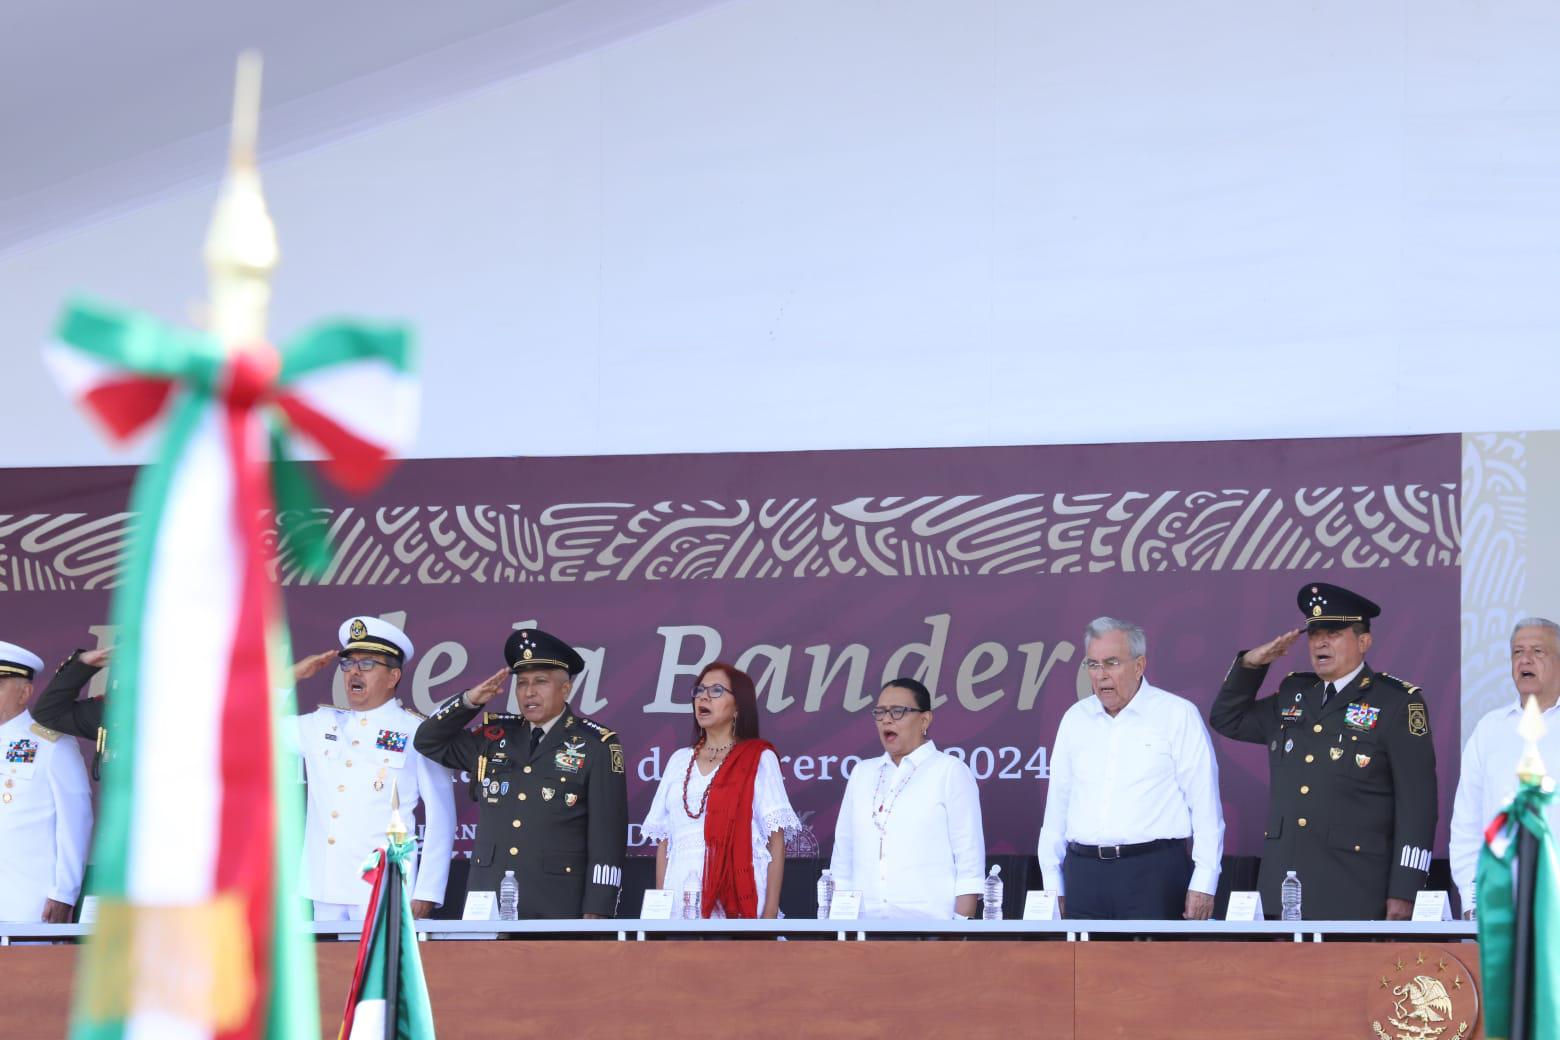 $!Encabeza AMLO celebración del Día de la Bandera en la Glorieta Sánchez Taboada de Mazatlán
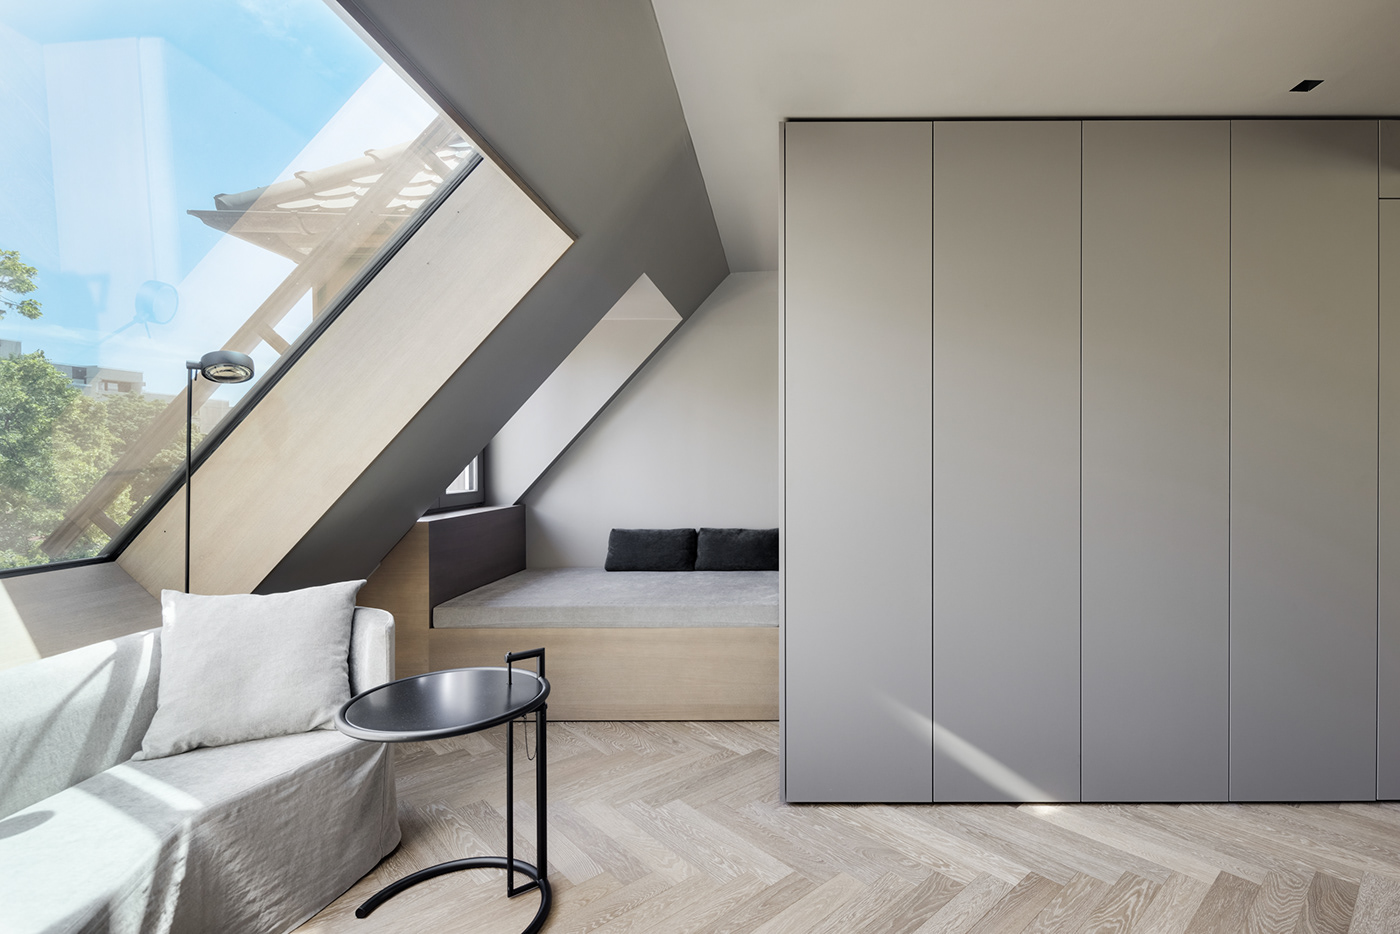 interiordesign modern architecture Ausbau cleandesign Dachgeschoss designapartment Innenarchitektur Innenausbau
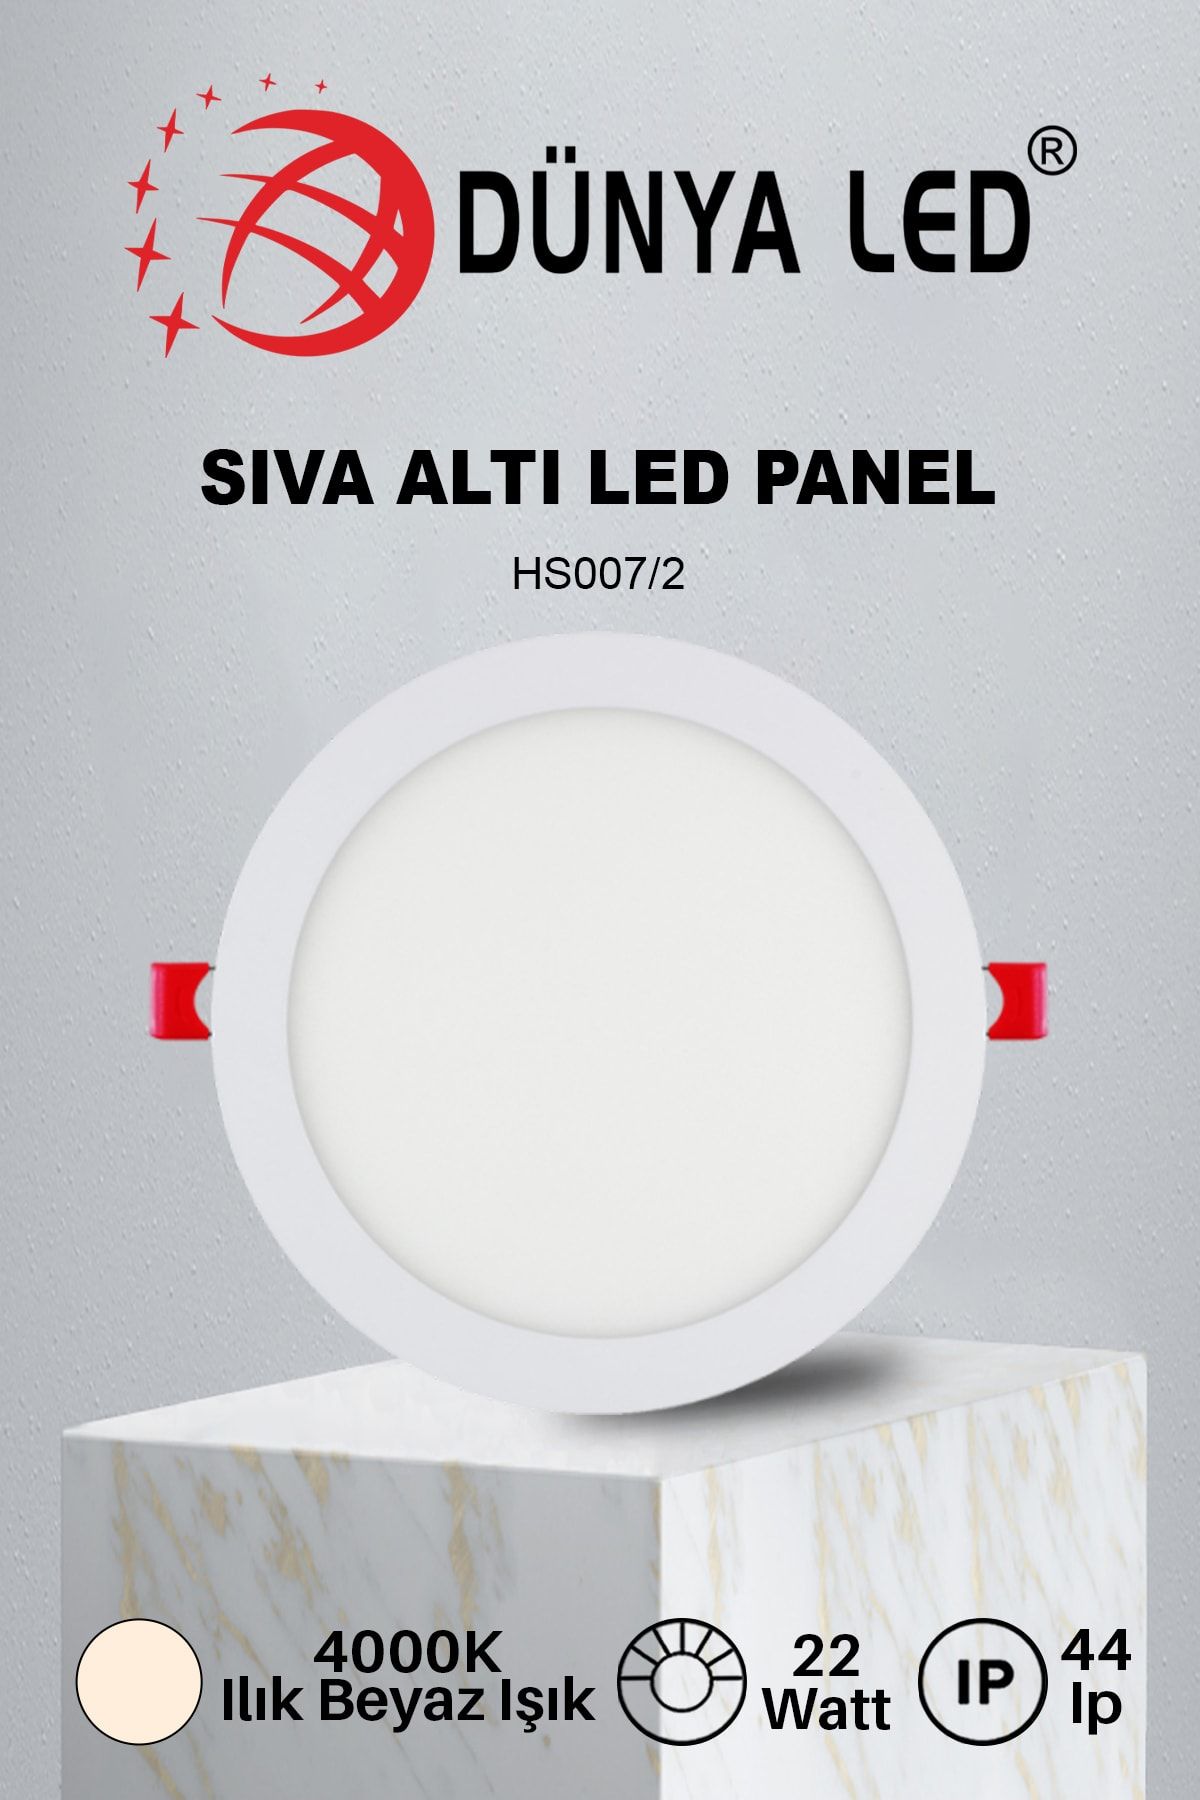 DÜNYA LED Hs.007/2 22w Sıva Altı Yuvarlak Spot Led Panel 4000k Ilık Beyaz Işık Drıver
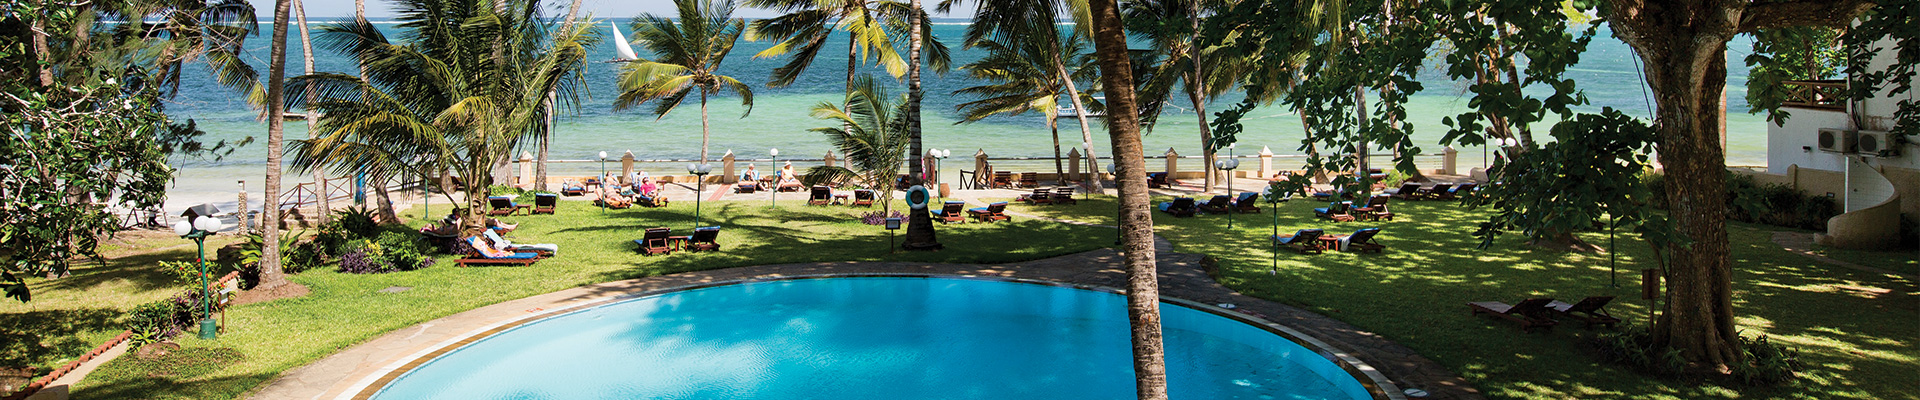 4* Neptune Beach Resort - Mombasa, North Coast  Package (6 Night)
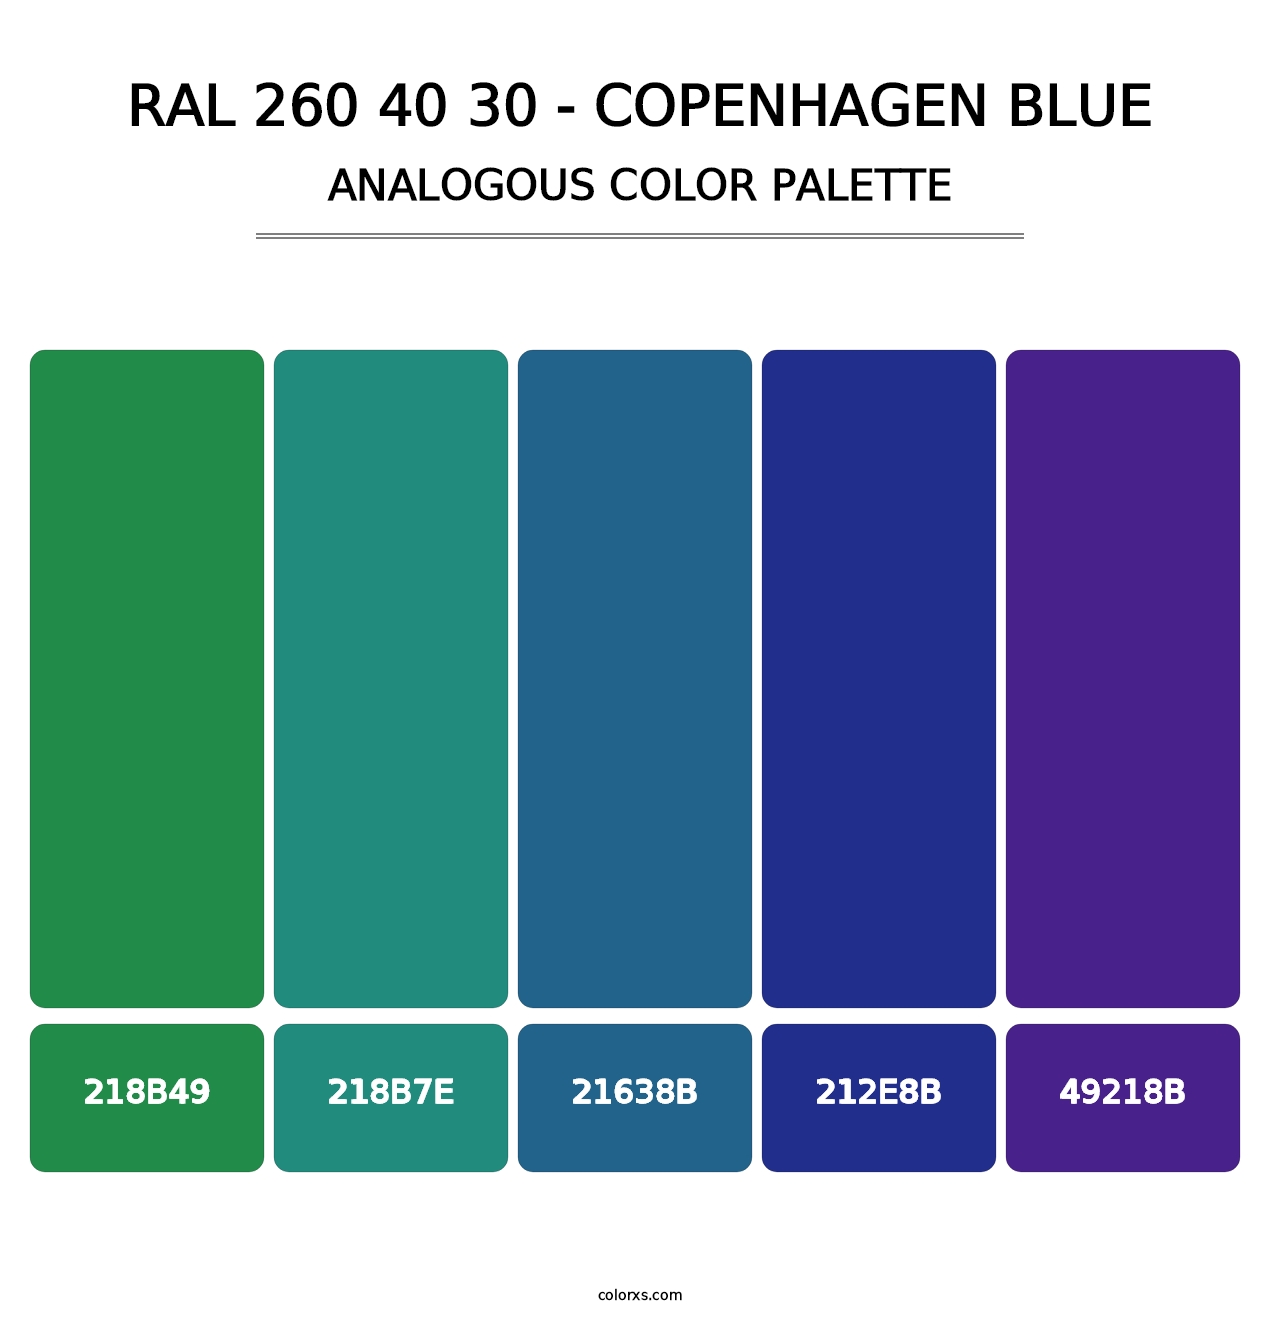 RAL 260 40 30 - Copenhagen Blue - Analogous Color Palette

◆ ◆ ◆

• _YOUR GOAL_
Excluding the pictures, write out exactly the lines from the line that contains "DÜNYA LED Hs.007/2" through the end of the records.

• _RESULT OF THIS EXERCISE_
 DÜNYA LED Hs.007/2 22w Sıva Altı Yuvarlak Spot Led Panel 4000k Ilık Beyaz Işık Drıver
 4* Neptune Beach Resort - Mombasa, North Coast  Package (6 Night)
 RAL 260 40 30 - Copenhagen Blue - Analogous Color Palette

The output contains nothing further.